Renowned hardware historian and reverse engineer Ken Shirriff recently discovered the exact transistors in the original Intel Pentium processor that caused the “FDIV bug,” leading to a $475 million product recall in 1994. As you can see on his Mastodon threadShirriff pored over the microscope into PLA, which contains the faulty partition table, looking for the root cause of Intel’s first major failure 30 years ago.
The photo above is a photo of the processor die of the original Pentium chip, Intel’s first P5 architecture processor that helped the company become a household name. The Pentium was made using an 800nm process and the above image was taken as a result of stitched microscope photographs. The die contains 3.1 million transistors, with the transistor grids observable under a microscope and block operations on the die identifiable. Compare that to today’s processors, which have tens of billions of transistors and are almost unreadable.
The math error that led to the FDIV error was caused by calculation errors in the PLA (Programmable Logic Array). The Pentium floating point unit was much faster than contemporary chips, thanks to the SRT division algorithm. SRT calculates division at two bits per clock cycle, compared to one bit per clock cycle in the Pentium predecessor.
For this to work, SRT required a 2048-cell table in the matrix, containing the values -2, -1, 0, 1, and 2 in a very compact 112 rows. The values are indicated by the presence or absence of transistors along the grid points. This would be a great strategy, except for one drawback: 5 entries in the table are missing key transistors, set to 0 by default, not the correct “2”.
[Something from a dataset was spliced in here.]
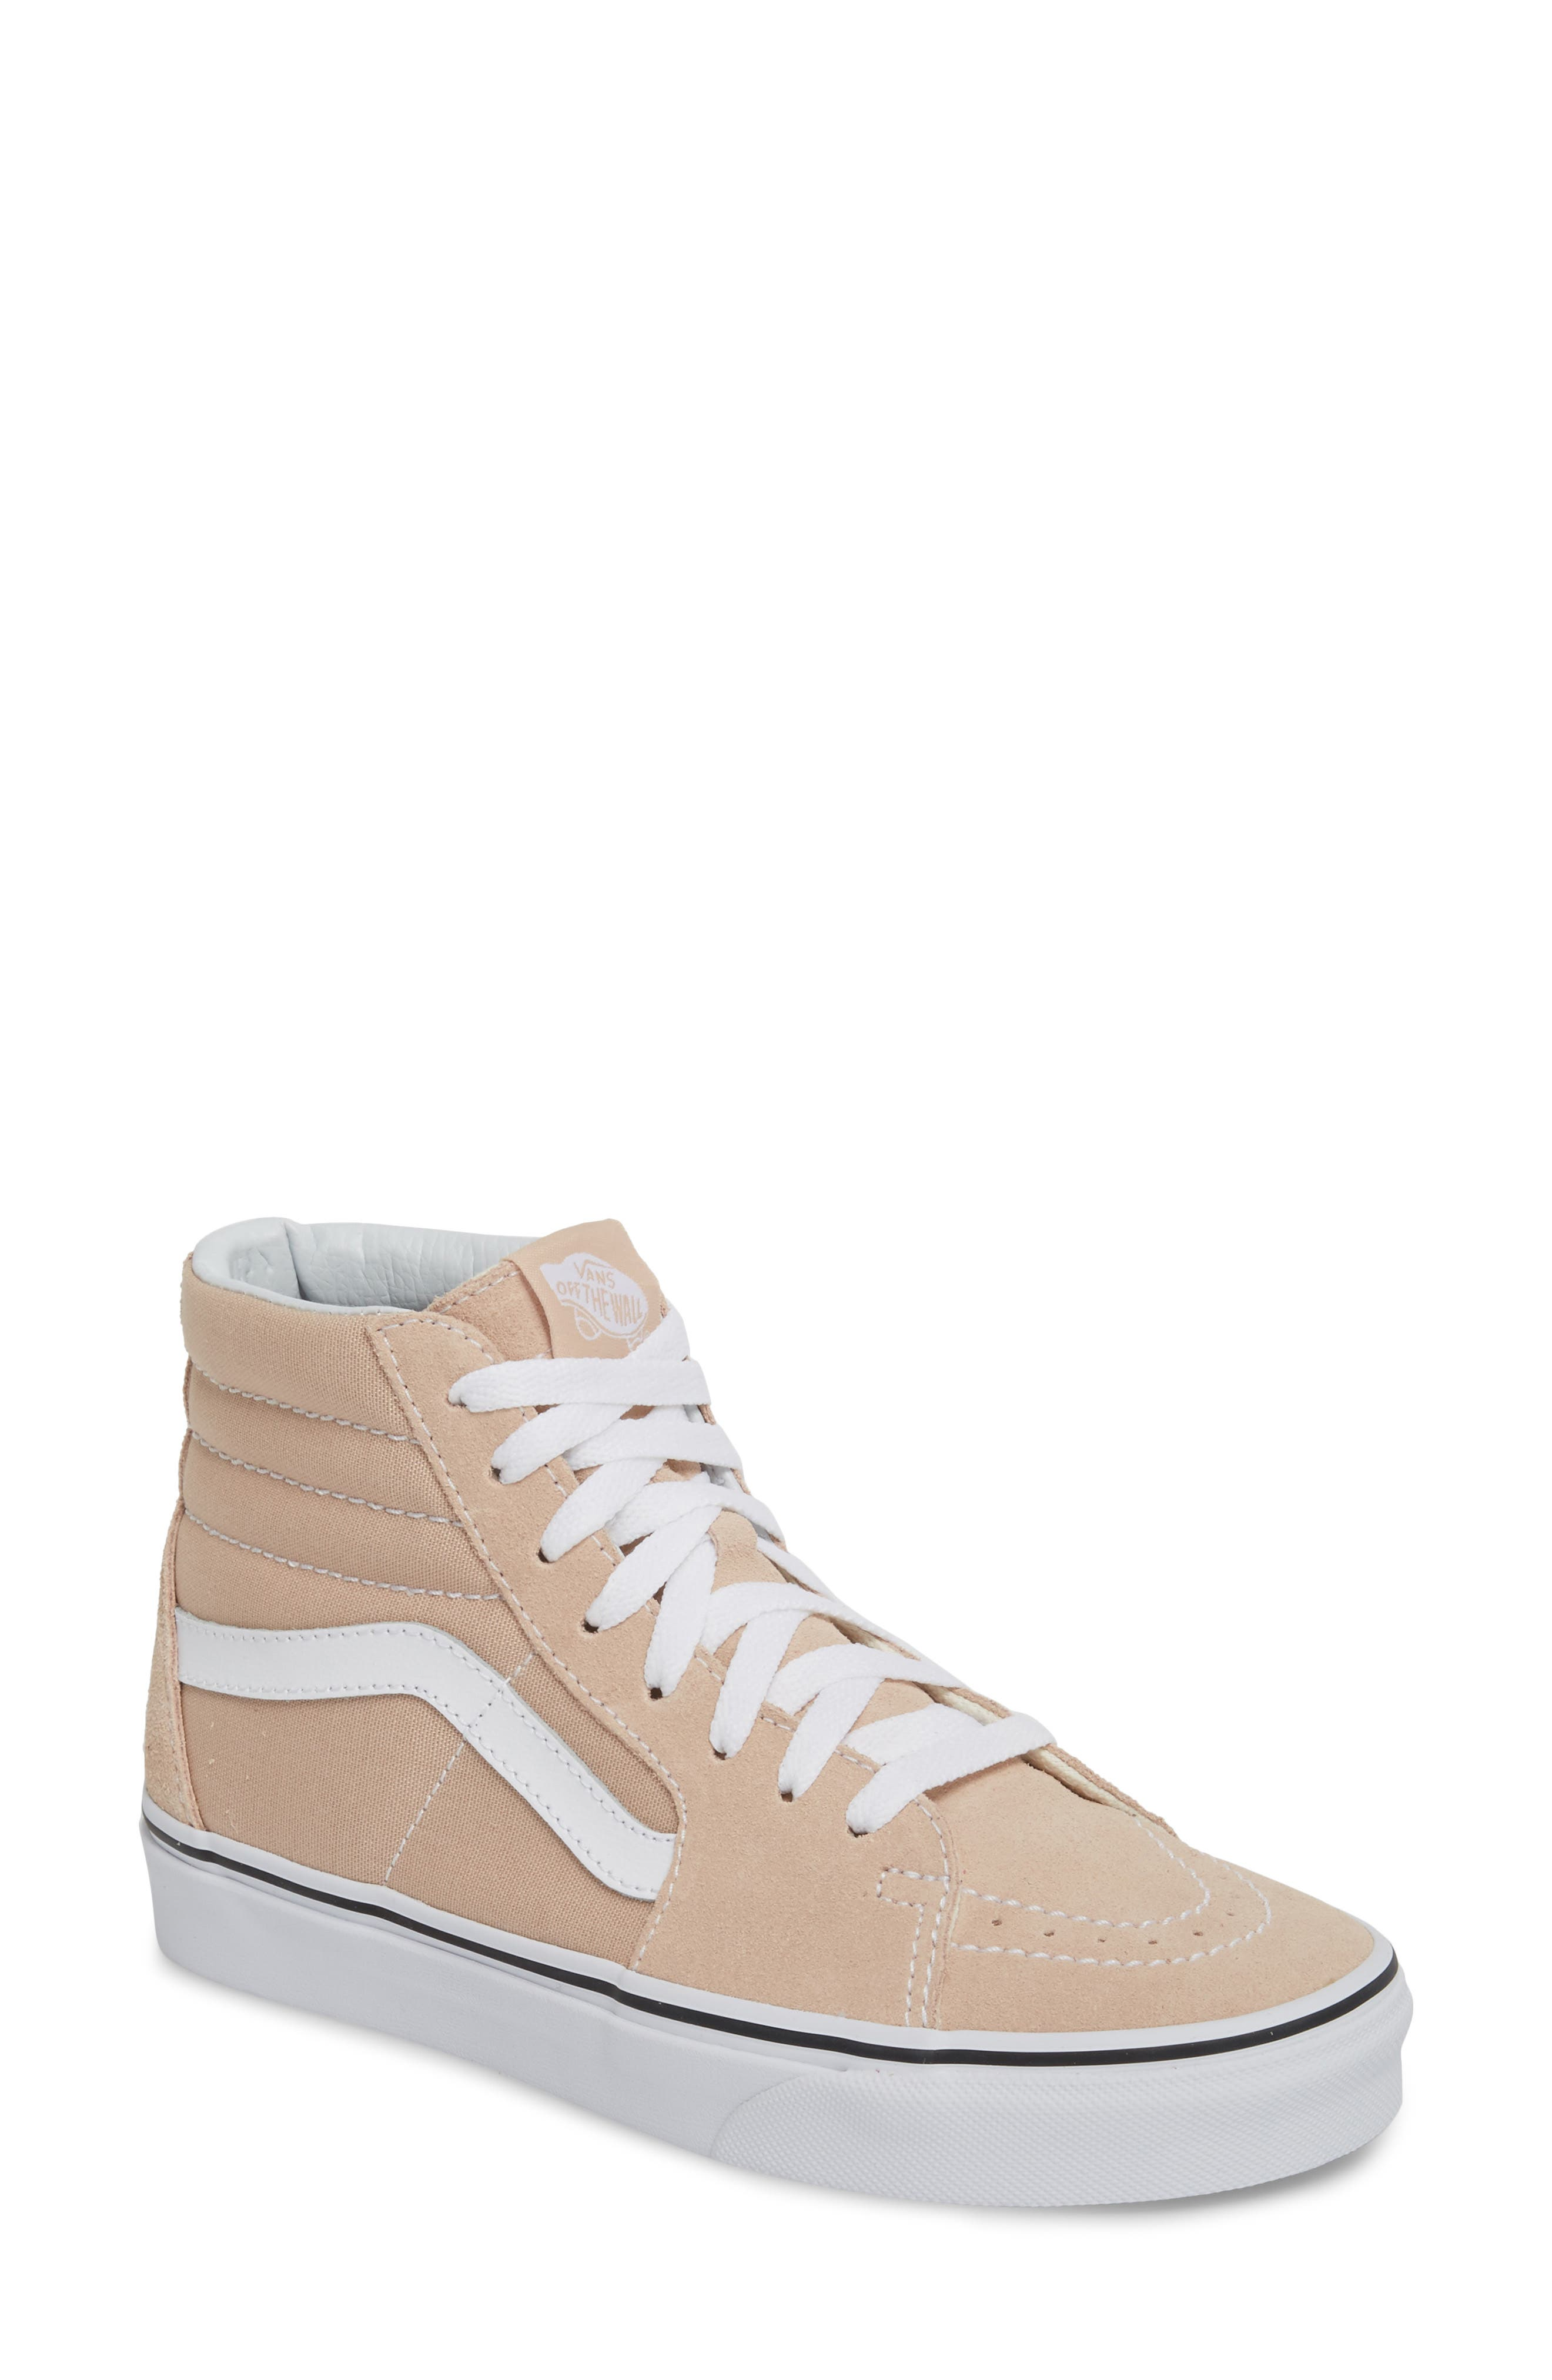 'Sk8-Hi Slim' Sneaker,                             Main thumbnail 1, color,                             Frappe/ True White

Mislabeled entries cause an error in floating-point calculations, but the rarity of this error was debated at the time. After being discovered by Professor Thomas Nicely, the FDIV bug was deemed irrelevant by Intel, stating that it only happens once every 27,000 years. IBM declared that this could happen every 24 days and stopped selling Pentiums. Intel bowed to enormous financial pressure and recalled all affected chips, resulting in a loss of $475 million (see our 30th anniversary post for more on this).
“Clever mathematicians discovered the Pentium division algorithm and the missing entries in 1995 by examining the error pattern,” Shirriff says. “But I can confirm it in silicon.” Moreover, Shirriff’s investigation found 16 missing data points, 11 more than the original five expected. These 11 don’t cause errors simply “due to luck”. Intel later solved this problem by filling all unused entries on the boards with 2s, a quick fix that worked and saved a lot of space in future versions of the Pentium.
A more complete description of the Pentium chip and the bug can be found in Shirriff’s article the entire Mastodon thread. Shirriff promises a deeper dive into the investigation in the coming days on your blogwhich may include the ability to repair corrupted Pentiums via physical PLA editing.